What this calculator does
This tool converts a wind direction (or any bearing) given in degrees into a standard 16-point compass heading such as N, NNE, NE, ENE, E and so on. Meteorological reports, weather stations and GPS devices often express direction in degrees from 0 to 360, while people communicate using named compass points. This converter bridges the two.
How to use it
Enter the wind direction in degrees (0° is North, 90° is East, 180° is South, 270° is West). Values outside 0–360 are automatically wrapped, so 360°, 720° and -10° all resolve correctly. The result shows the compass name, the normalized angle, and the 0–15 index used internally.
The formula explained
The full circle (360°) is split into 16 equal sectors of 22.5° each. We divide the degrees by 22.5 and round to the nearest whole number, which selects the closest compass point. Taking that result modulo 16 wraps values near 360° back to North (index 0). The 16 labels in order are: N, NNE, NE, ENE, E, ESE, SE, SSE, S, SSW, SW, WSW, W, WNW, NW, NNW.

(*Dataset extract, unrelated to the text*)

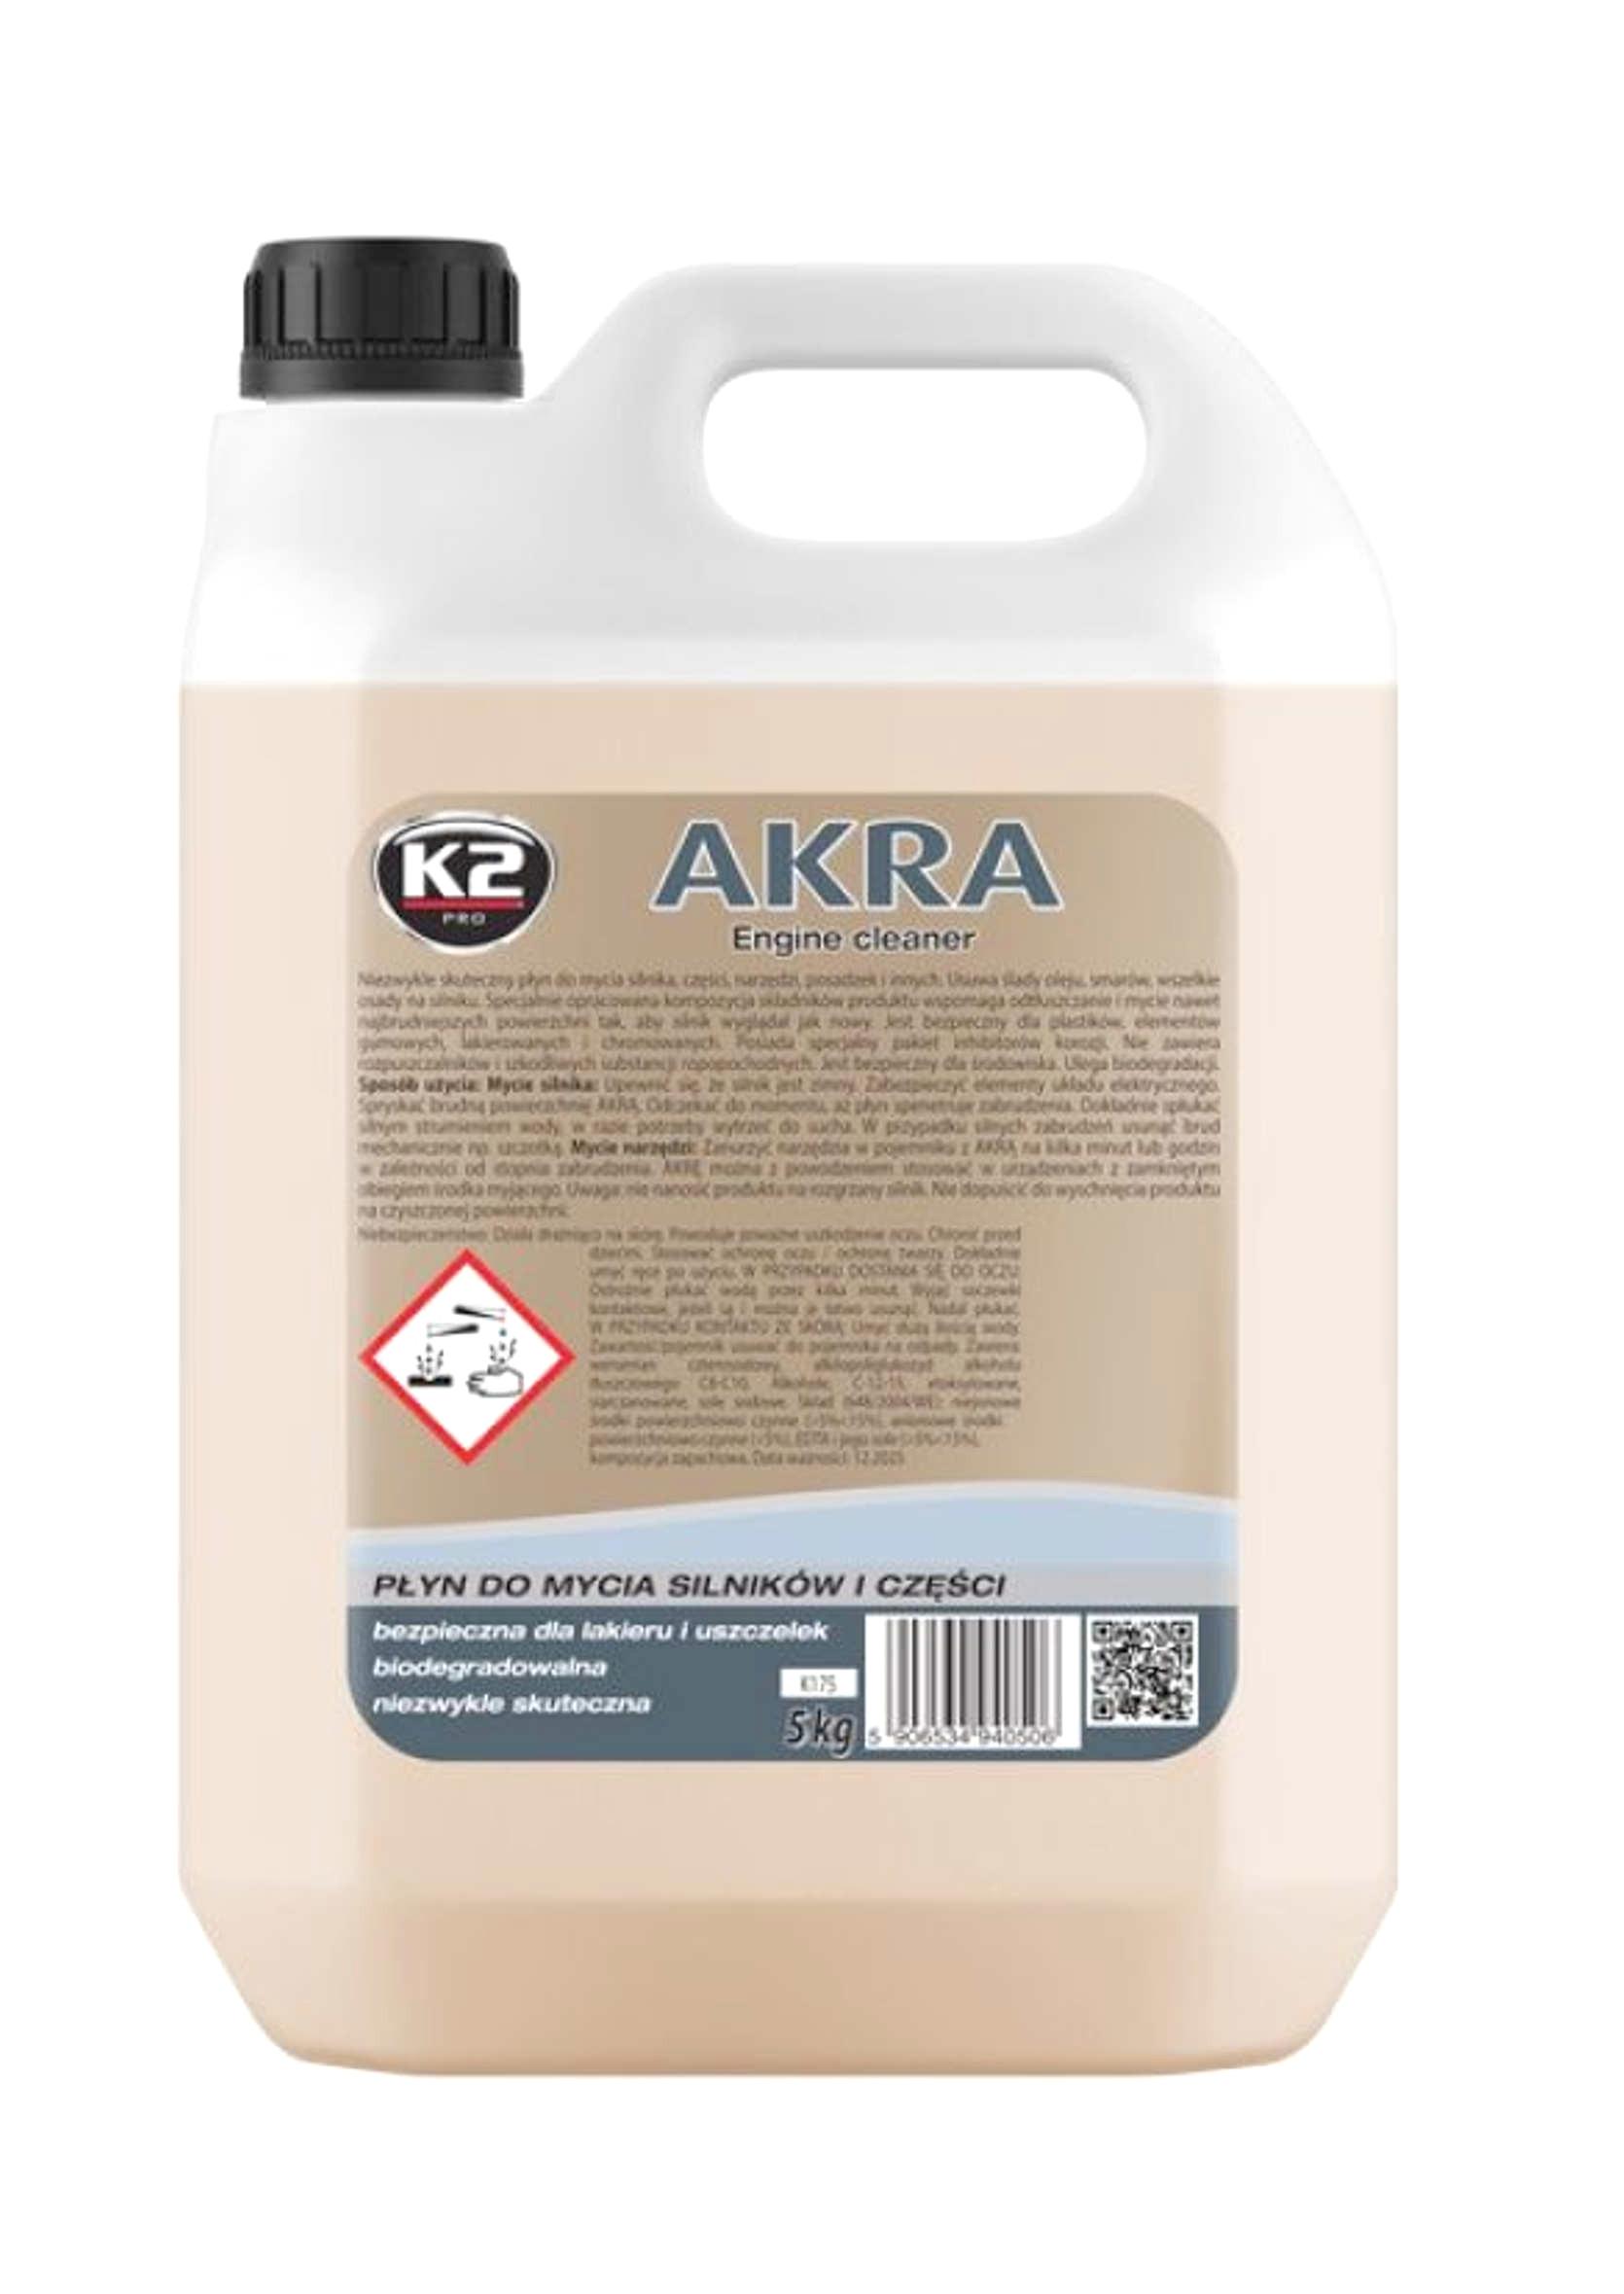 K2 Akra 5L Płyn do Mycia Silnika Części Narzędzi

$$\text{Index} = \left( \text{round}\!\left( \frac{\text{Degrees} \bmod 360}{22.5} \right) \right) \bmod 16$$
Worked example
For 200°: \(200 \div 22.5 = 8.888\ldots\), which rounds to 9. Index 9 in the list is SSW (South-Southwest). For 90°: \(90 \div 22.5 = 4\), index 4 is E (East). For 360°: it normalizes to 0, then \(0 \div 22.5 = 0\), giving N (North).
FAQ
Does 0° equal 360°? Yes — both point due North. The calculator normalizes 360° to 0° before converting.
What's the difference between 8-point and 16-point compasses? An 8-point compass uses 45° sectors (N, NE, E, SE…). This tool uses the finer 16-point system with 22.5° sectors for greater precision.
Can I use negative degrees? Yes. Negative angles are wrapped into the 0–360 range, so -90° becomes 270° (West).